## TASK
An exact copy of the listing is required, with its pictures removed.

## DATA SEGMENT
--------------------------------------------------

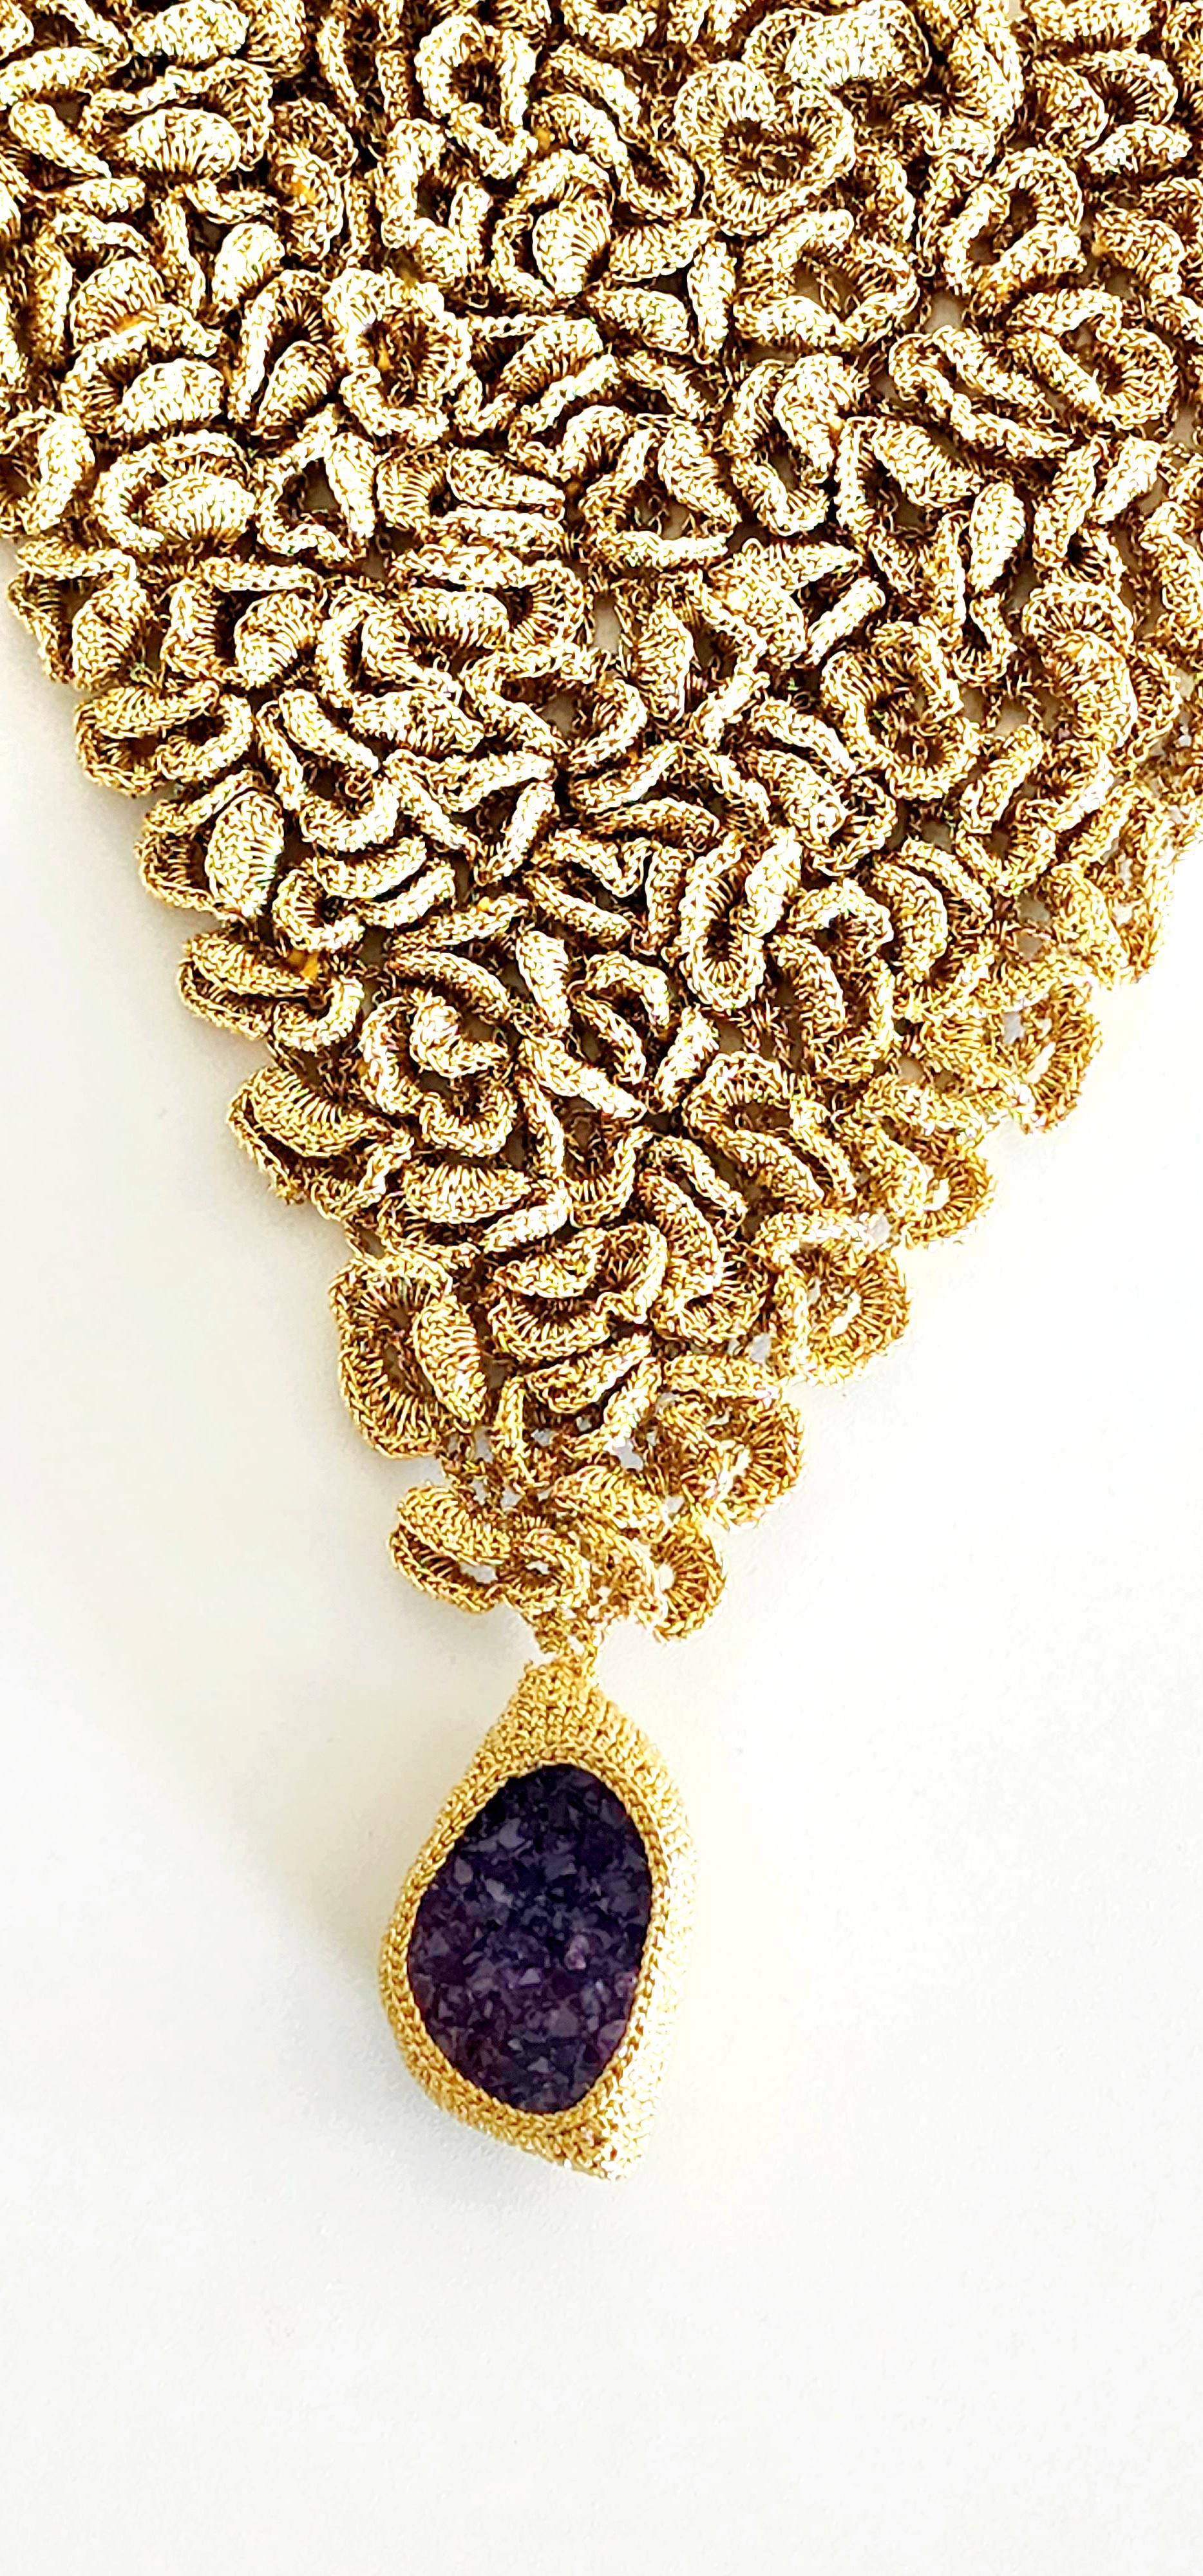 Wunderschöne, handgefertigte Häkelkette, ein Unikat, Designer-Halskette. Ich nenne es eine dreidimensionale Schal-Halskette. Sie ist leicht und sehr auffällig. Um die königliche Wirkung zu verstärken, habe ich einen schönen Amethyst-Stein aus Drusus
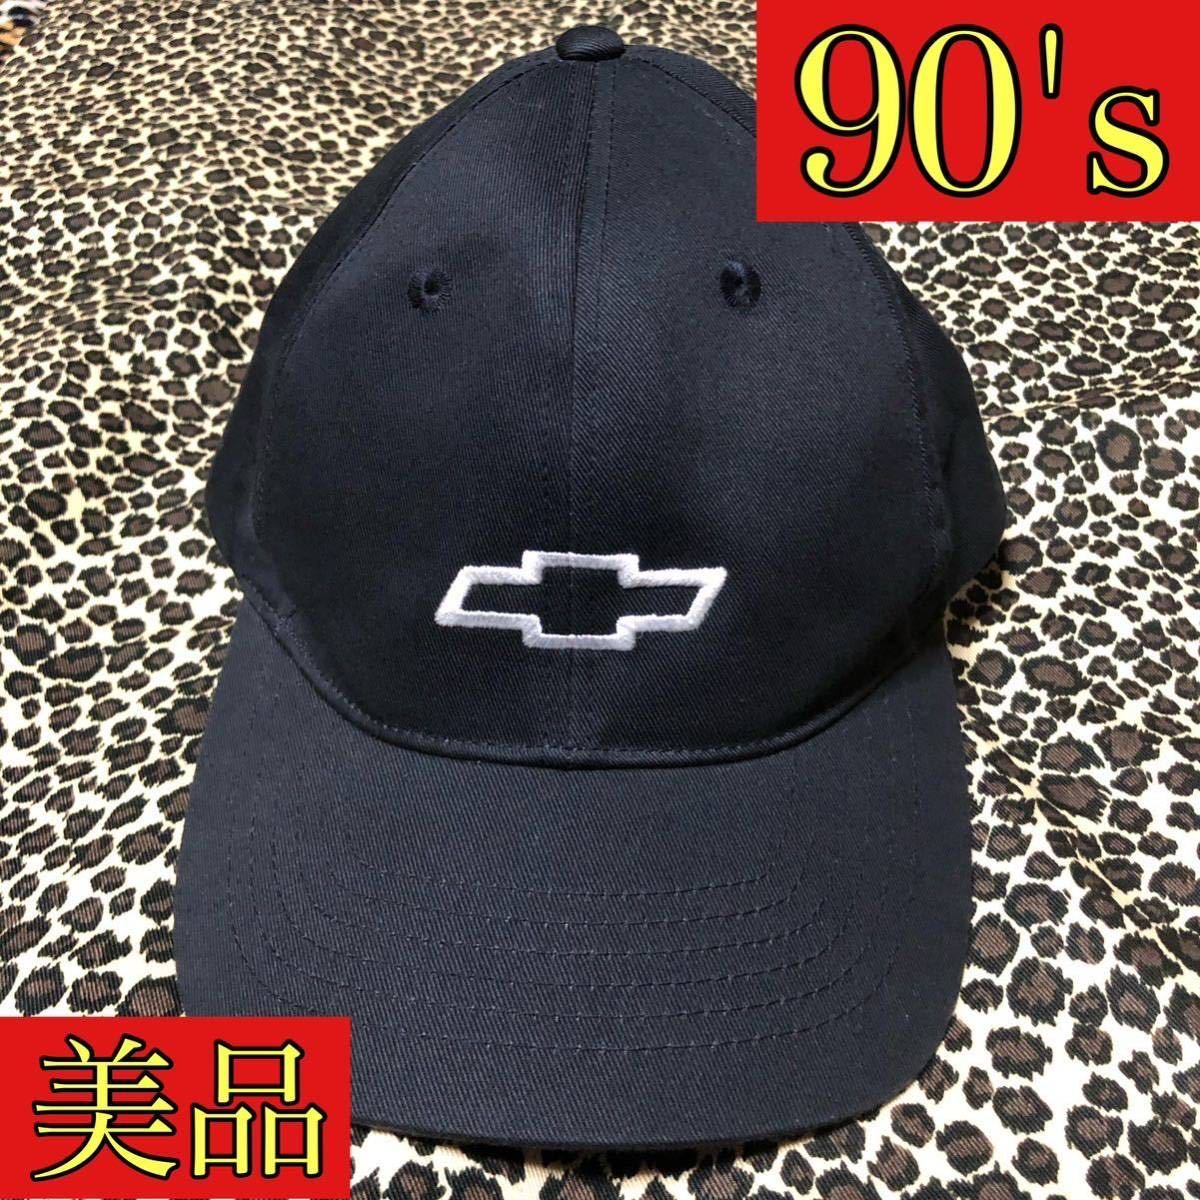 美品 90's CHEVROLET キャップ ブラック シボレー chevy 90年代 cap
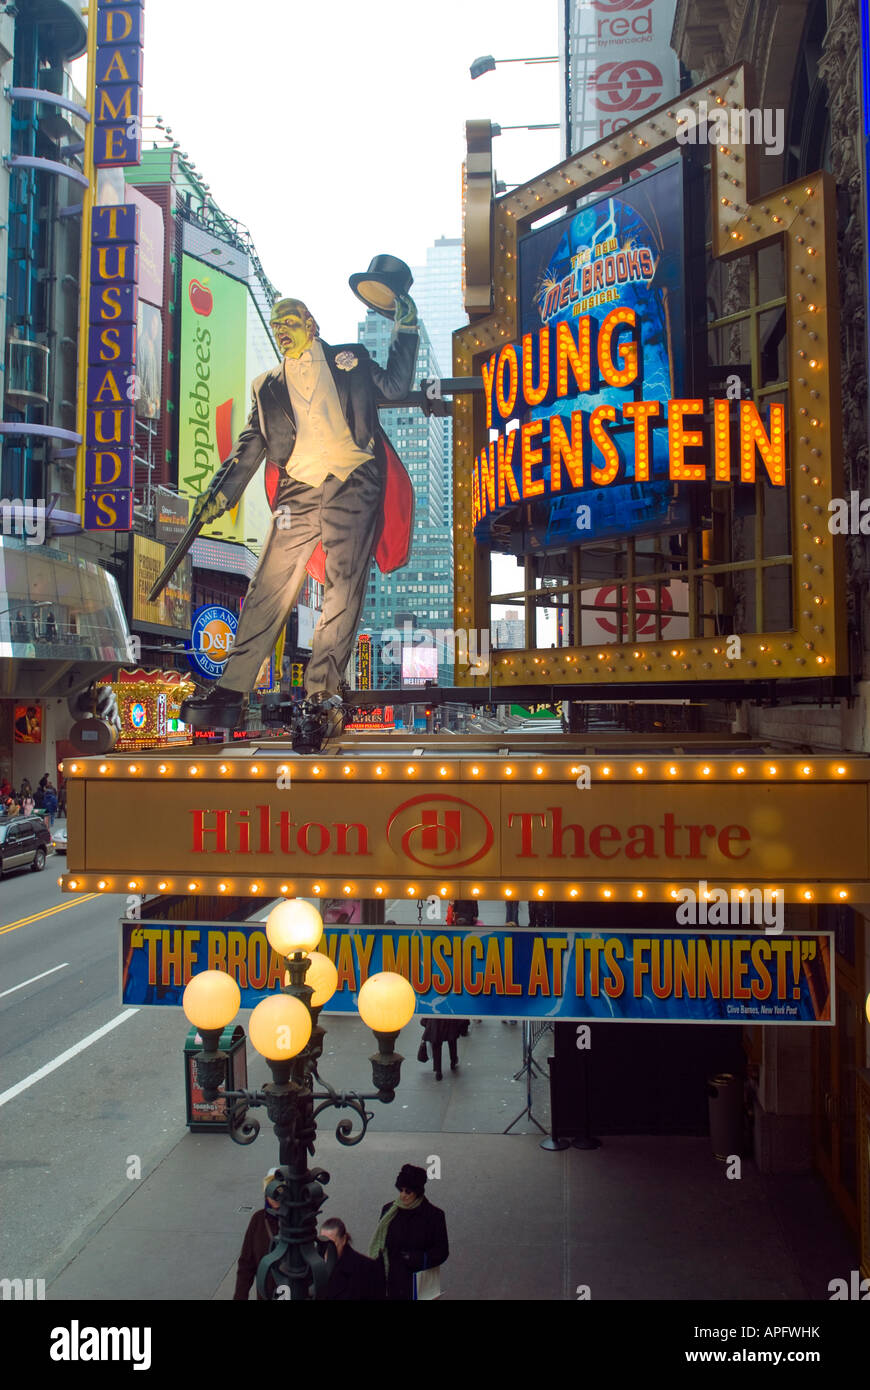 Le chapiteau pour la nouvelle comédie musicale de Mel Brooks Young Frankenstein est vue sur l'hôtel Hilton Theatre sur 42nd Street à Times Square à New York Banque D'Images

--------------------------------------------------

## WRITTEN ANSWER
 Wunderschöne, handgefertigte Häkelkette, ein Unikat, Designer-Halskette. Ich nenne es eine dreidimensionale Schal-Halskette. Sie ist leicht und sehr auffällig. Um die königliche Wirkung zu verstärken, habe ich einen schönen Amethyst-Stein aus Drusus
 美品 90's CHEVROLET キャップ ブラック シボレー chevy 90年代 cap
 Le chapiteau pour la nouvelle comédie musicale de Mel Brooks Young Frankenstein est vue sur l'hôtel Hilton Theatre sur 42nd Street à Times Square à New York Banque D'Images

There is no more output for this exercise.